→ Work to complete
The listing that follows should be copied in full and exactly, with no pictures.

→ Information provided
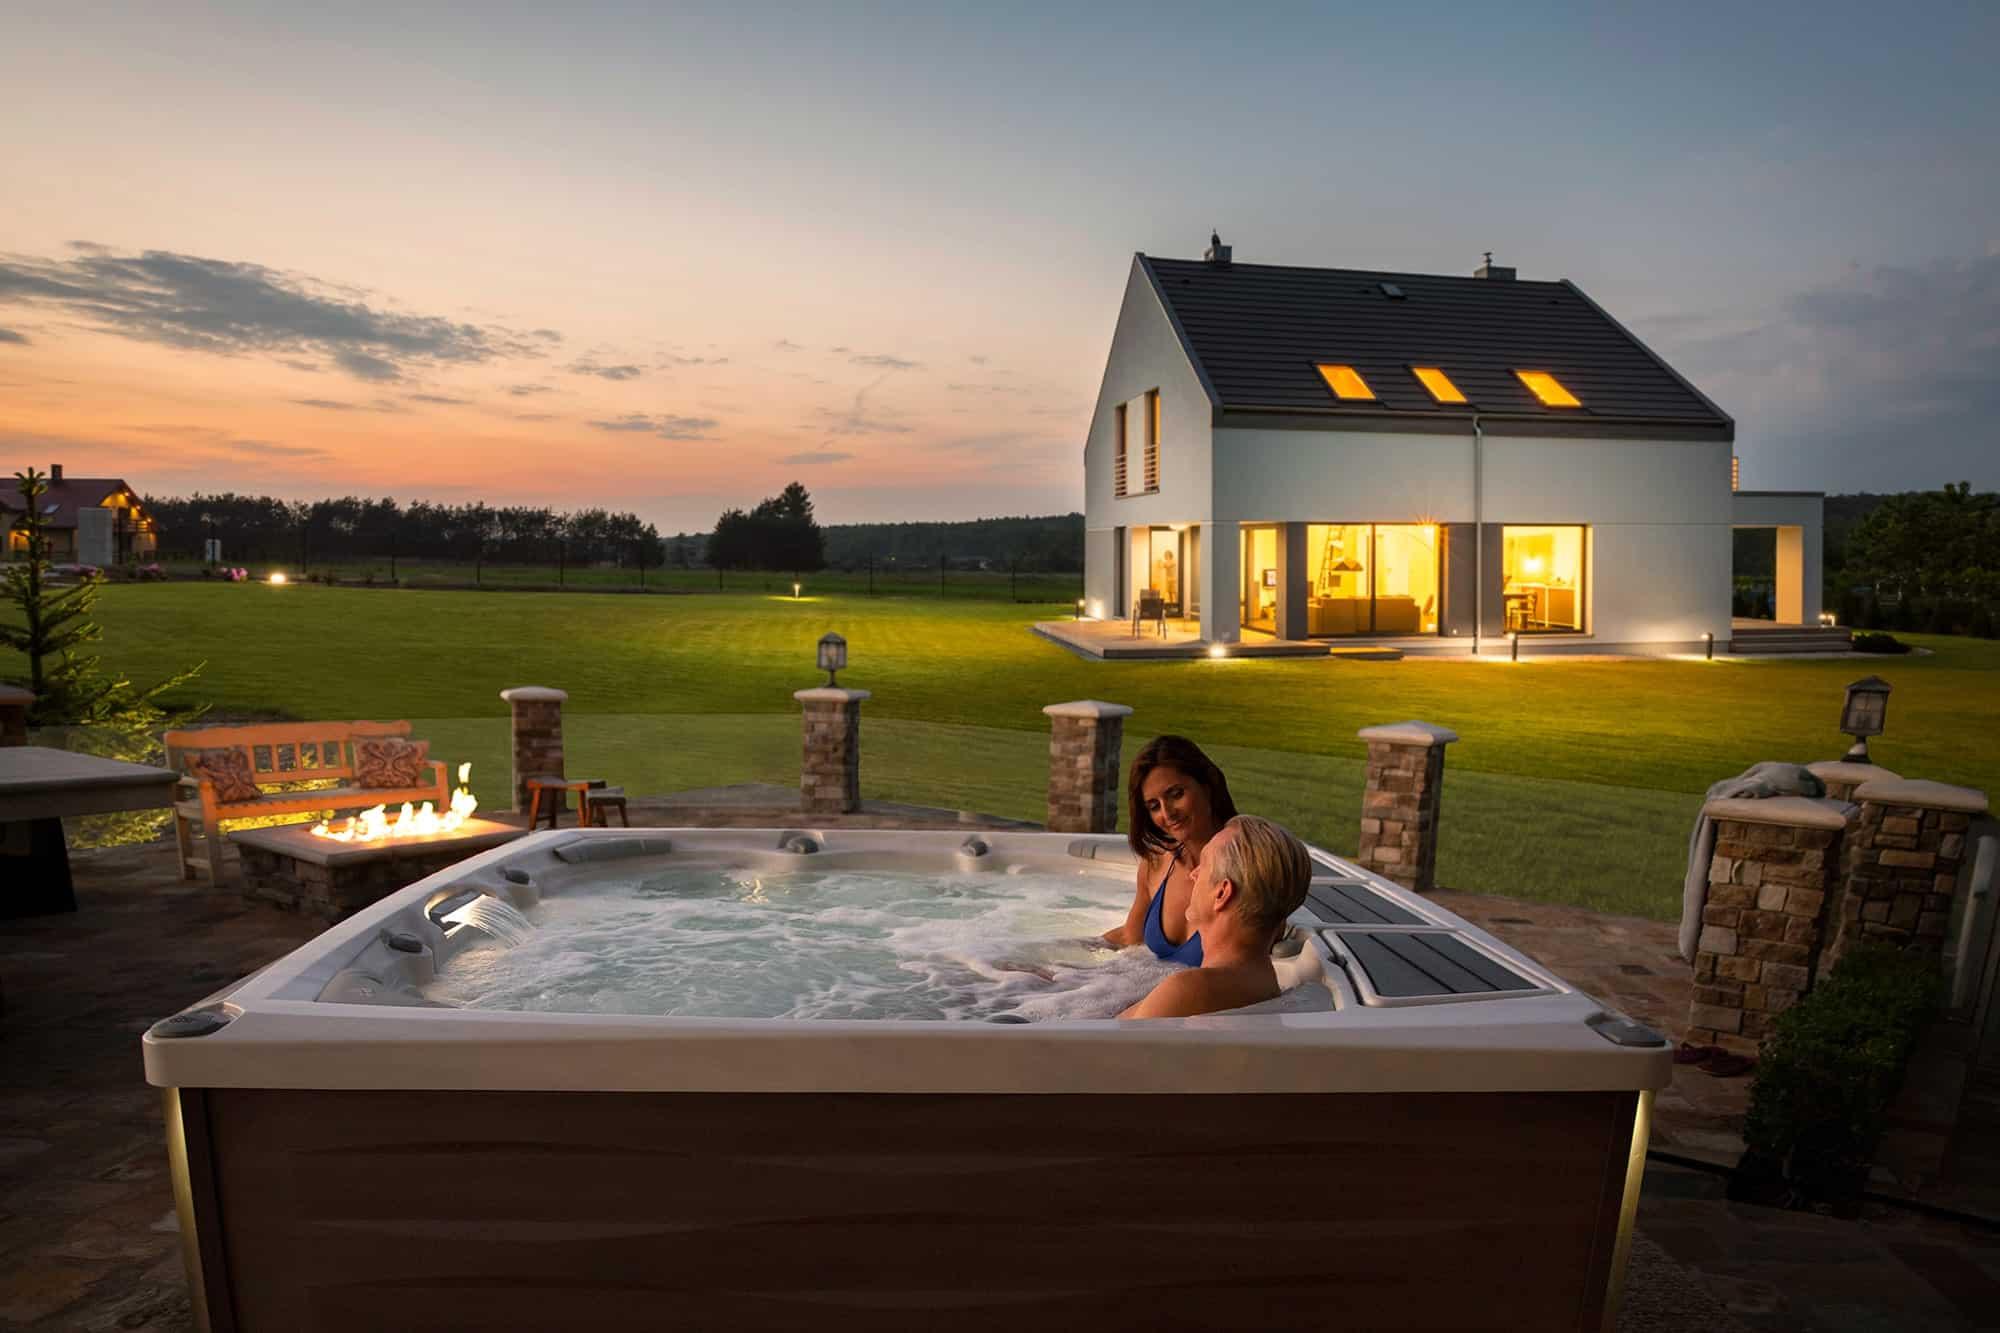 Couple enjoying their Sundance Spas hot tub at sunset
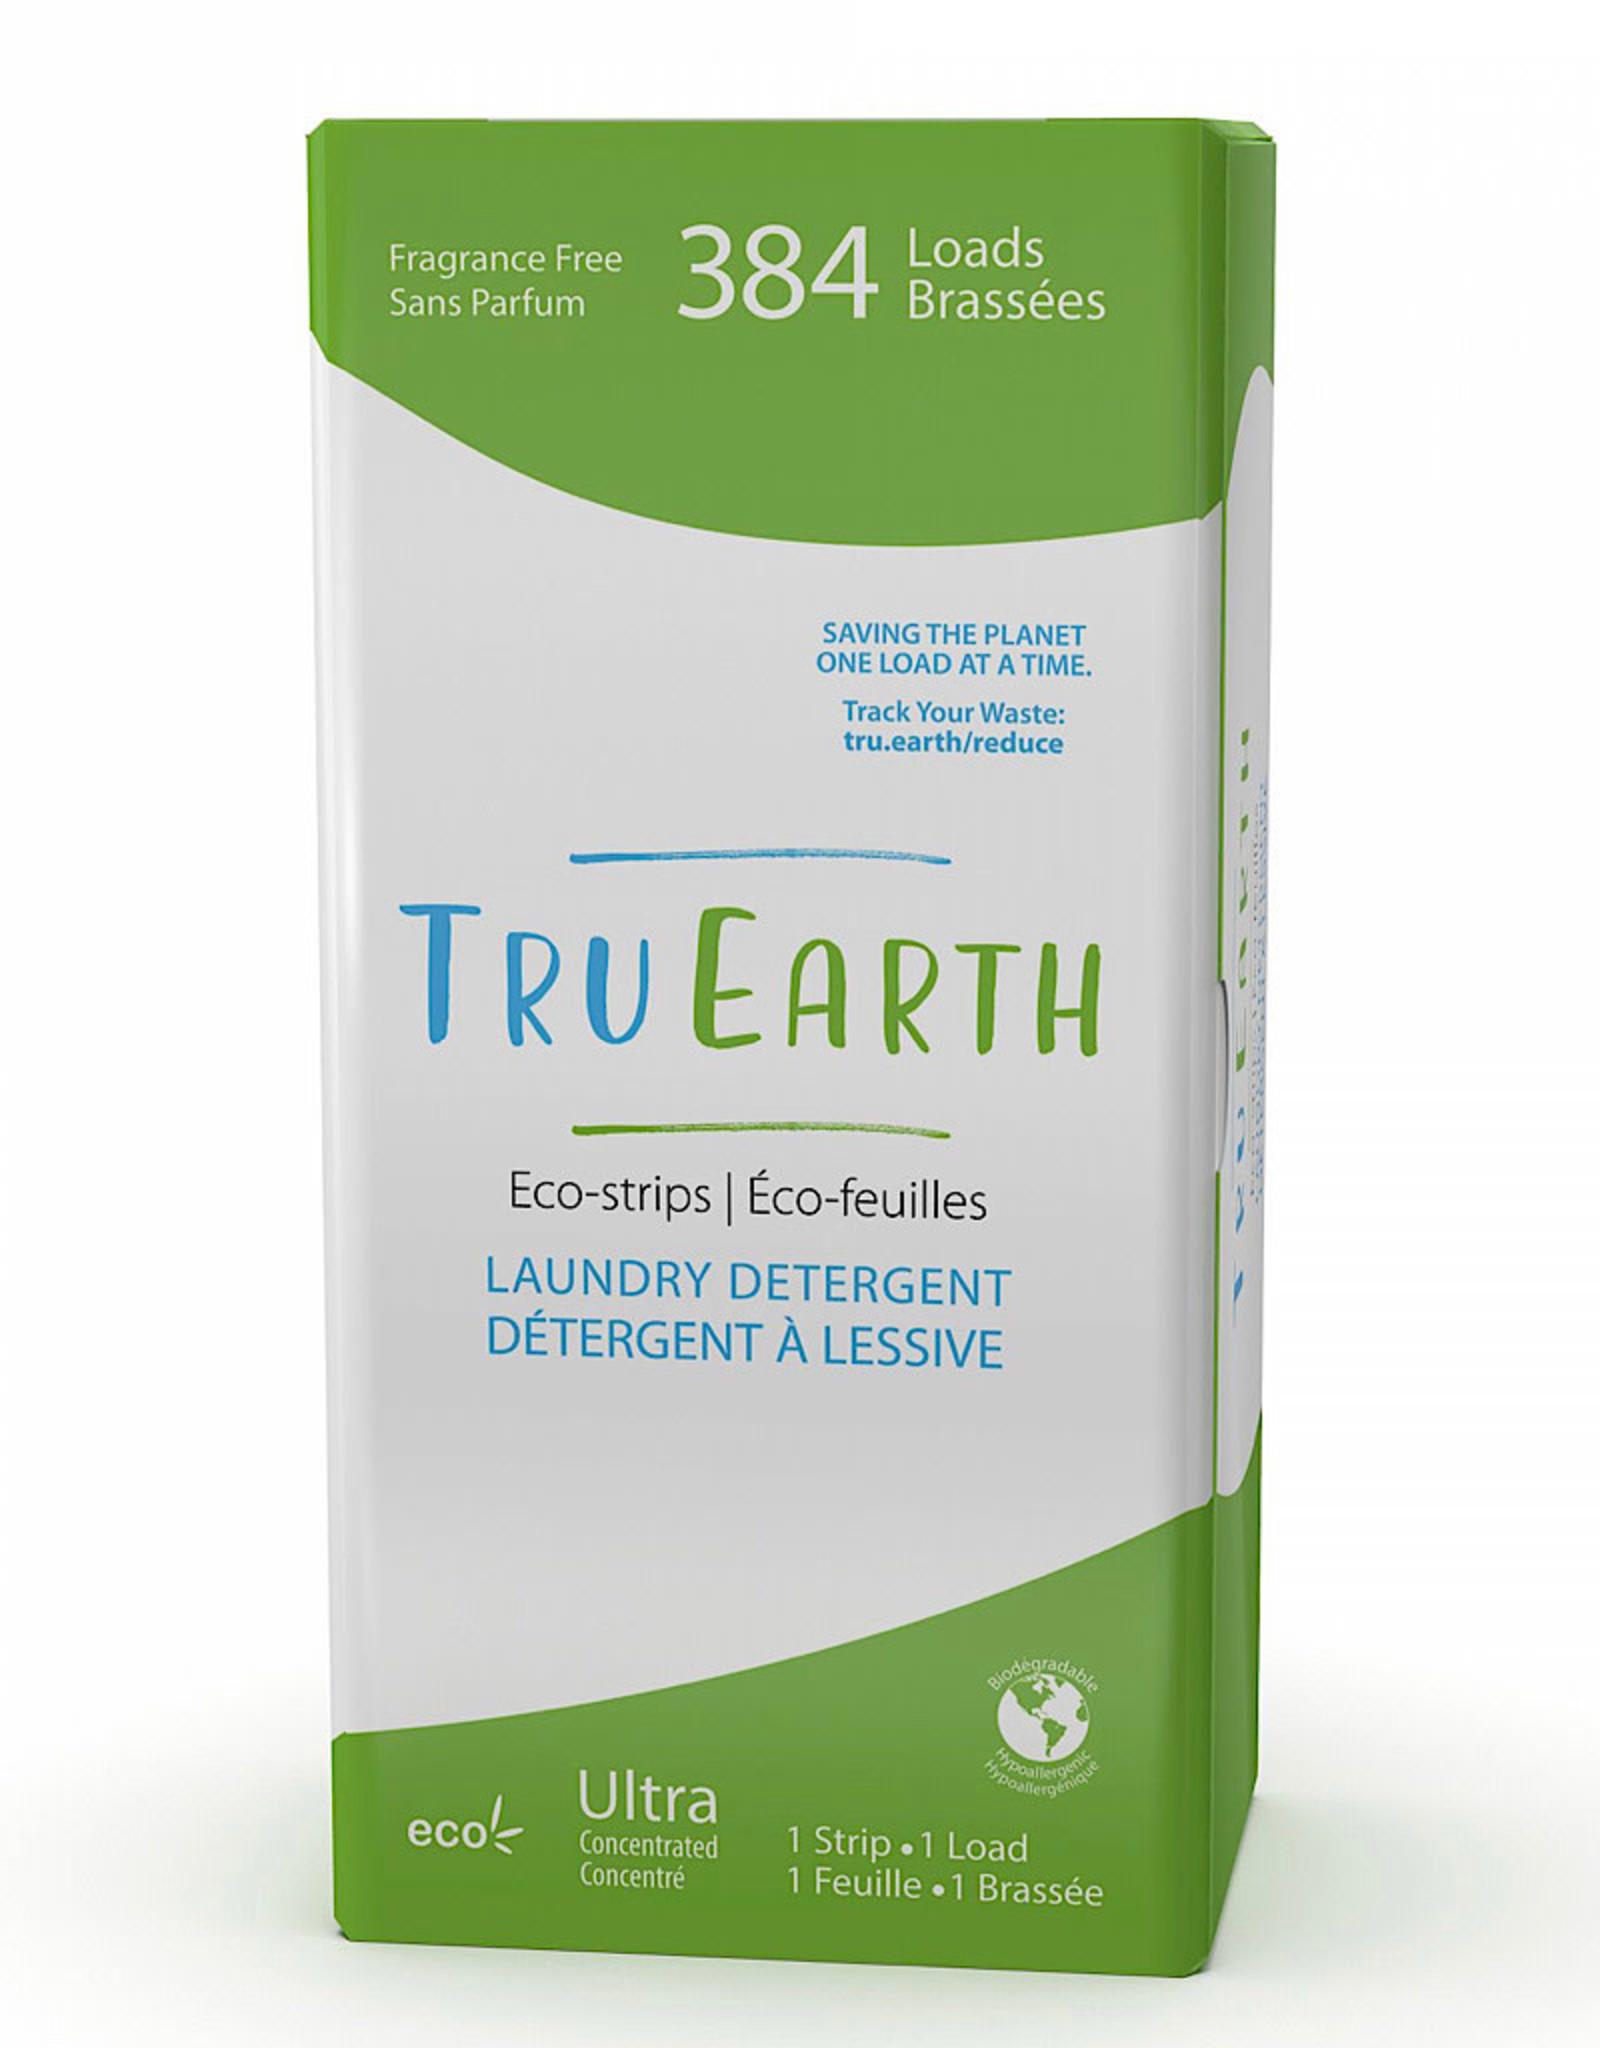 Tru Earth Eco-Strip Laundry Detergent - 384 loads
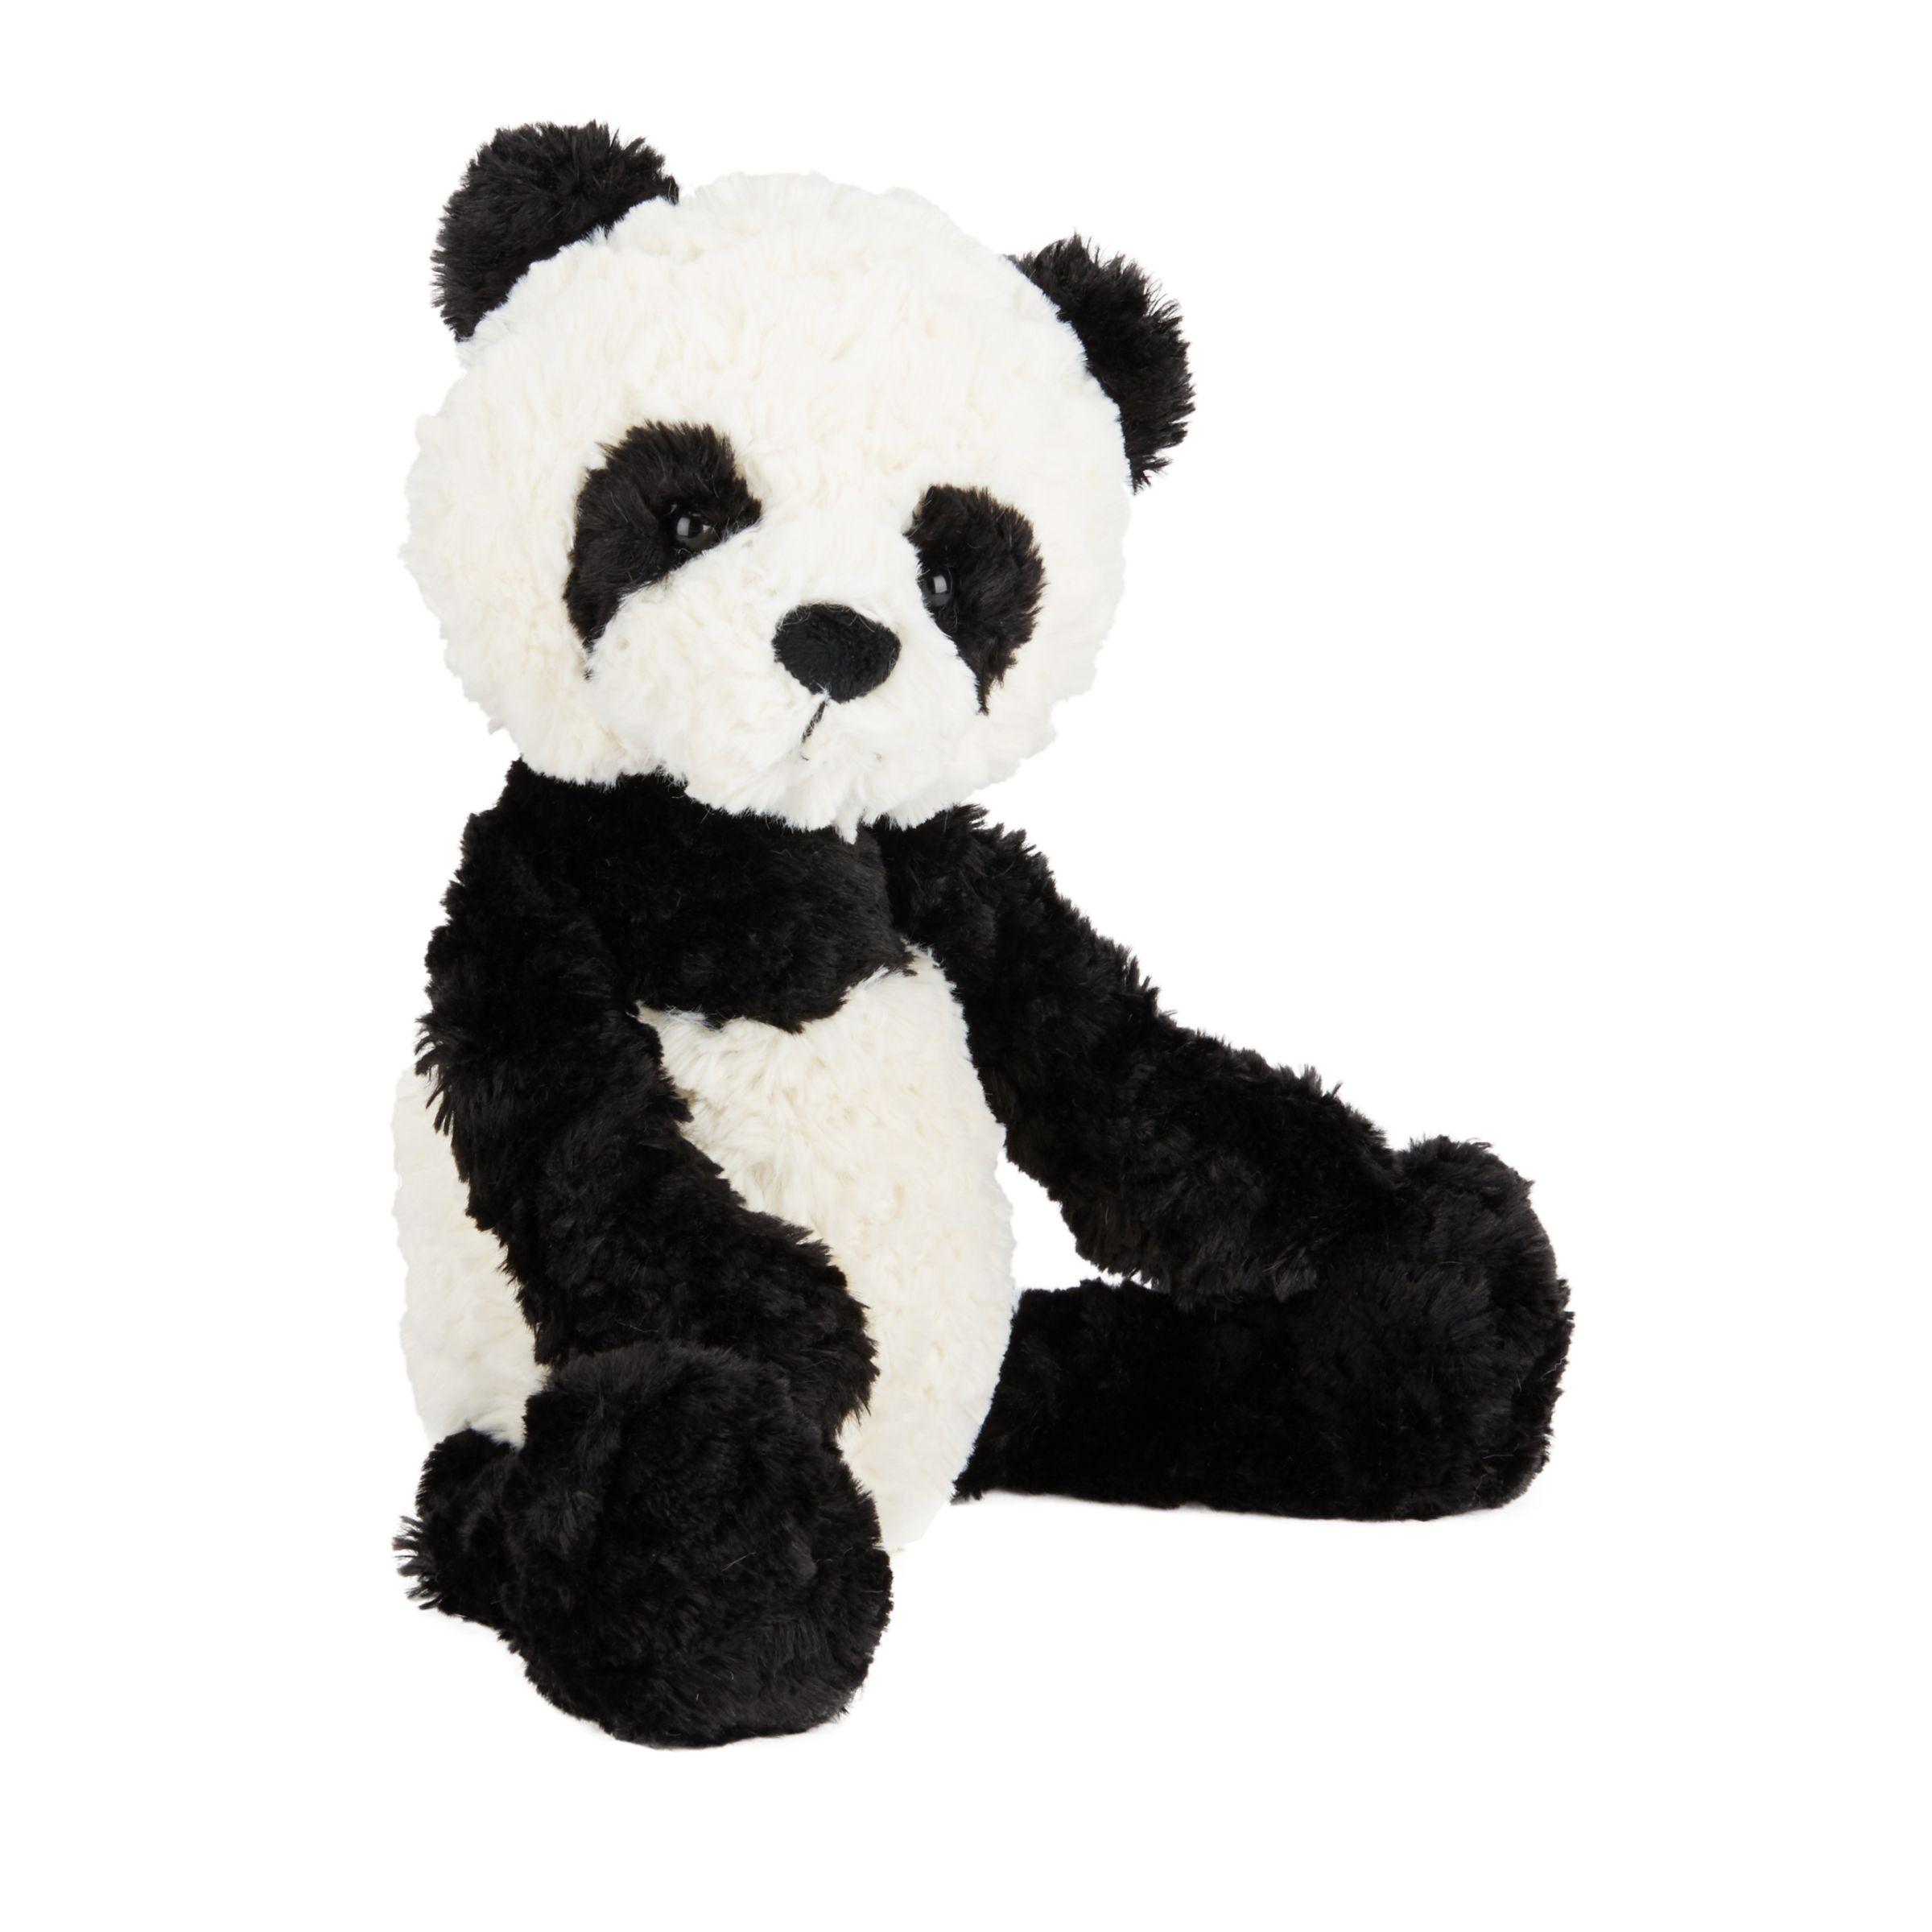 Jellycat Jellycat Mumble Panda Soft Toy

→ Answer below
 Couple enjoying their Sundance Spas hot tub at sunset
 Tru Earth Eco-Strip Laundry Detergent - 384 loads
 Jellycat Jellycat Mumble Panda Soft Toy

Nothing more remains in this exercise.